You can use the same formula then to draw the new lines, with starting point X2=X1+R*cos(T) and Y2=Y1+R*sin(T)

Finally, i'm not too sure about what happens with angles with the same tan value (like, 30 and 210 degrees) whether this works fine, or whether some if-statements must be added to see if the angle is < or >=180 degrees.

I think this should be correct in all instances.

Referring to the drawing, (your arrow is blue):

http://www.vbforums.com/attachment.php?s=&postid=1473475

alpha is 45 deg. in your case, but I have written the general case.
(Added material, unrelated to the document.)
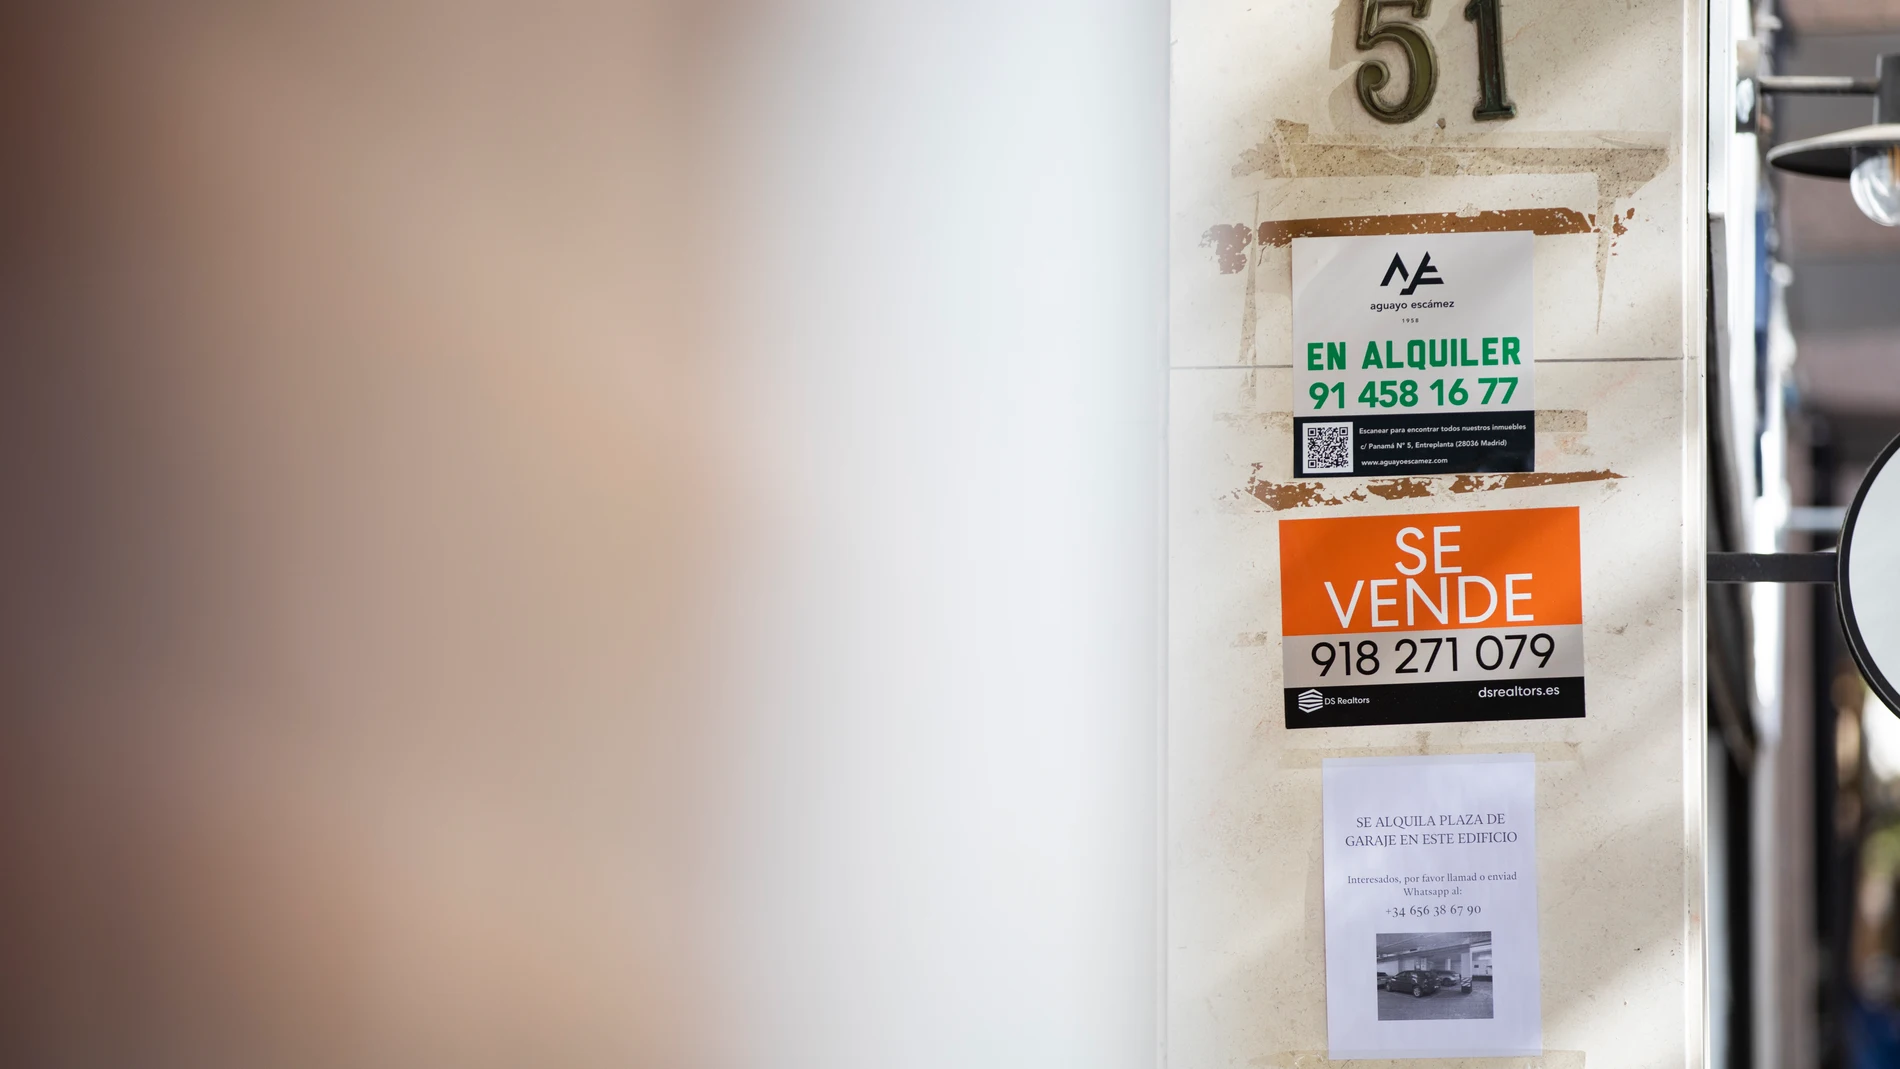 Carteles de se alquila se vende en un edificio de Madrid. © Jesús G. Feria.

theta is the angle between the (x1,y1) to (x2,y2) segment and the x axis. In the drawing it is > 180 deg. because the arrow is pointing downwards and to the left.

The coordinates you want to figure out are (x3,y3) and (x4,y4).

Then:

x3 = x2 + cos(Beta2)
y3 = y2 + sin(Beta2)
x4 = x2 + cos(Beta1)
y4 = y2 + sin(Beta1)

and cos & sin of Beta2 and Beta1 as a function of alpha and theta are calculated by means of elemental trig. formulas:

Beta2 = theta - (Pi - alpha)
Beta1 = theta + (Pi - alpha)

cos(Beta2) = sin(theta)sin(alpha) - cos(theta)cos(alpha)
sin(Beta2) = -sin(theta)cos(alpha) - cos(theta)sin(alpha)
cos(Beta1) = -sin(theta)sin(alpha) - cos(theta)cos(alpha)
sin (Beta1) = -sin(theta)cos(alpha) + cos(theta)sin(alpha)
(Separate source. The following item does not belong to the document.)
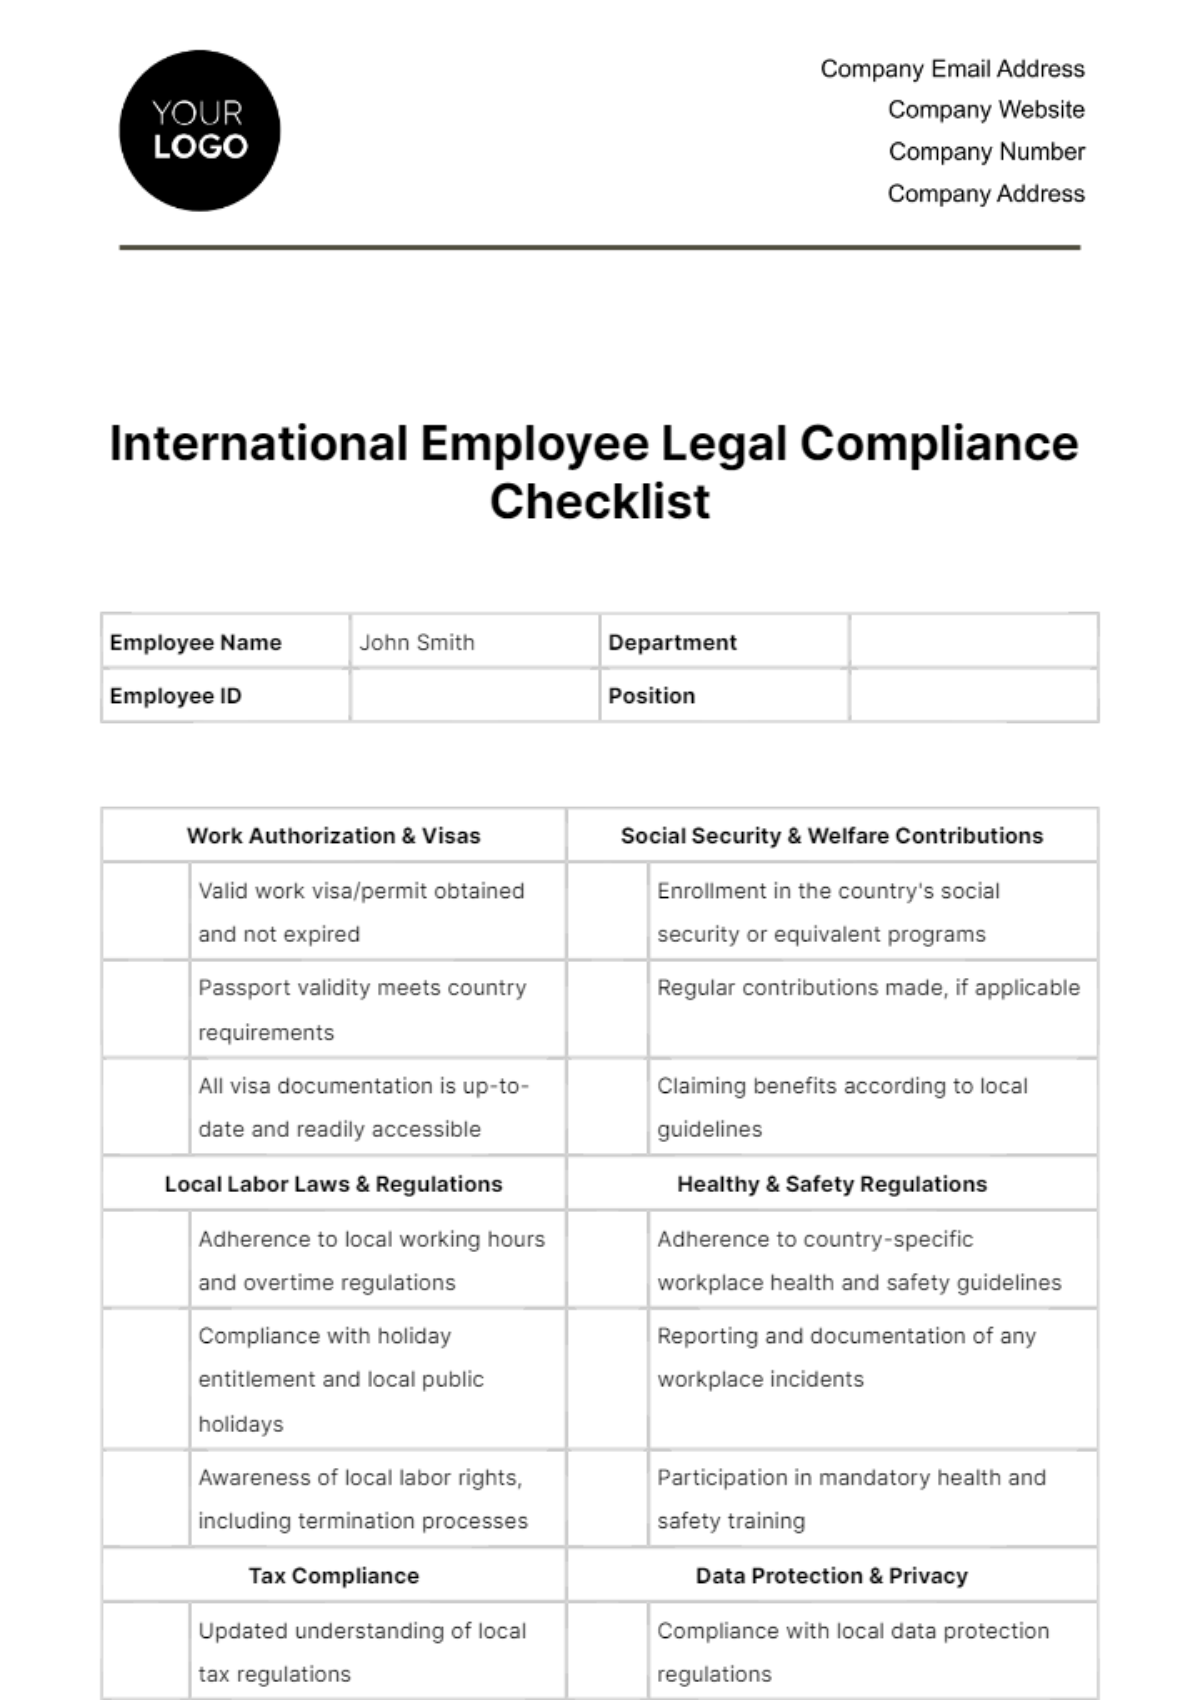 International Employee Legal Compliance Checklist HR Template

I have written a demo project where I have made a few changes to take user scales into account, otherwise if the vertical and horizontal scales are not the same your arrow could come out quite out of this world.
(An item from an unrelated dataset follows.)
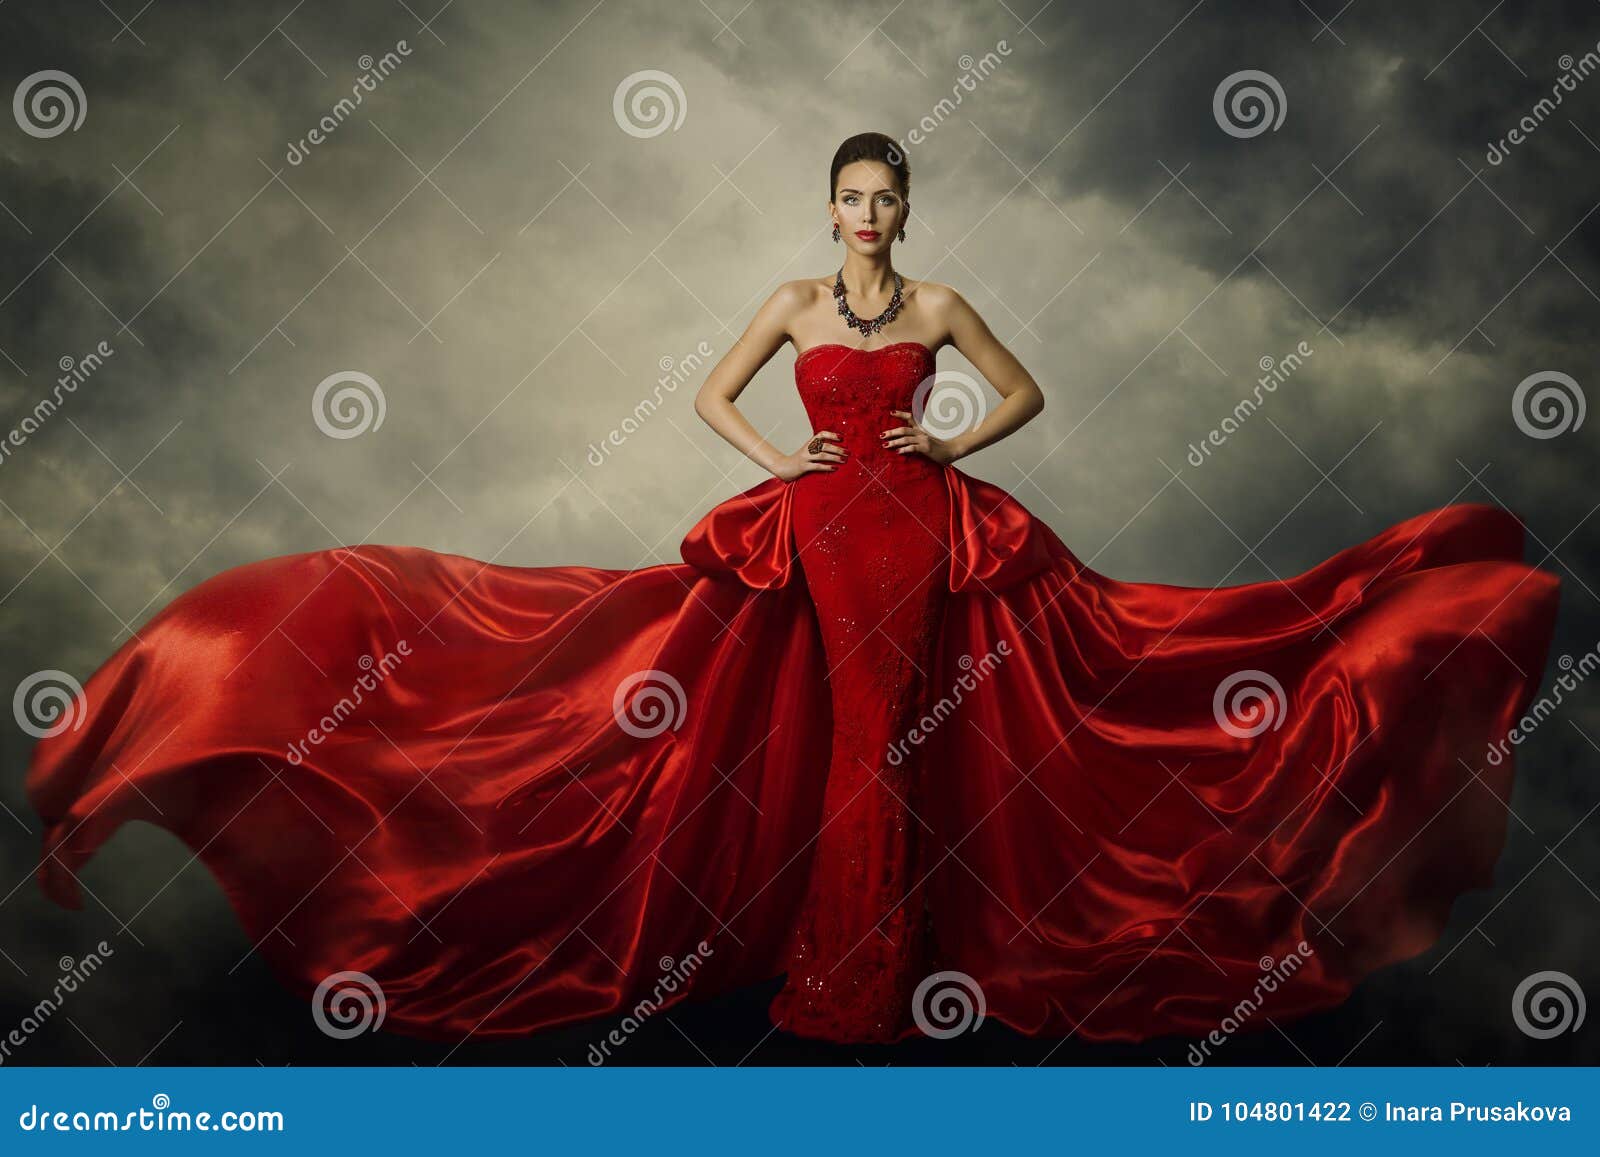 fashion model art dress, elegant woman red retro gown

Here's a new drawing I've used in relation to the code.

http://www.vbforums.com/attachment.php?s=&postid=1500193

Couldn't you have an X and Y range?

If you did then you could find the position by (this is for X):
(X - Xmin) / (Xmax - Xmin) = decimal percent. of placement inside pic
where Xmin <= X <= Xmax
then
Pic1.left + round( dec. percent * Pic1.Width) = X coordinate

This way, your graph is scalable. :)

NOTE: Please check to make sure I'm right. Also, sorry if I am reiterating anything here. I did not get a chance to look at the attachment.

Originally posted by Darkwraith
Couldn't you have an X and Y range?

If you did then you could find the position by (this is for X):
(X - Xmin) / (Xmax - Xmin) = decimal percent. of placement inside pic
where Xmin <= X <= Xmax
then
Pic1.left + round( dec. percent * Pic1.Width) = X coordinate

This way, your graph is scalable. :)

NOTE: Please check to make sure I'm right. Also, sorry if I am reiterating anything here. I did not get a chance to look at the attachment.
At first glance I'd say this is more or less what I do. See the attachment and take a look at the code.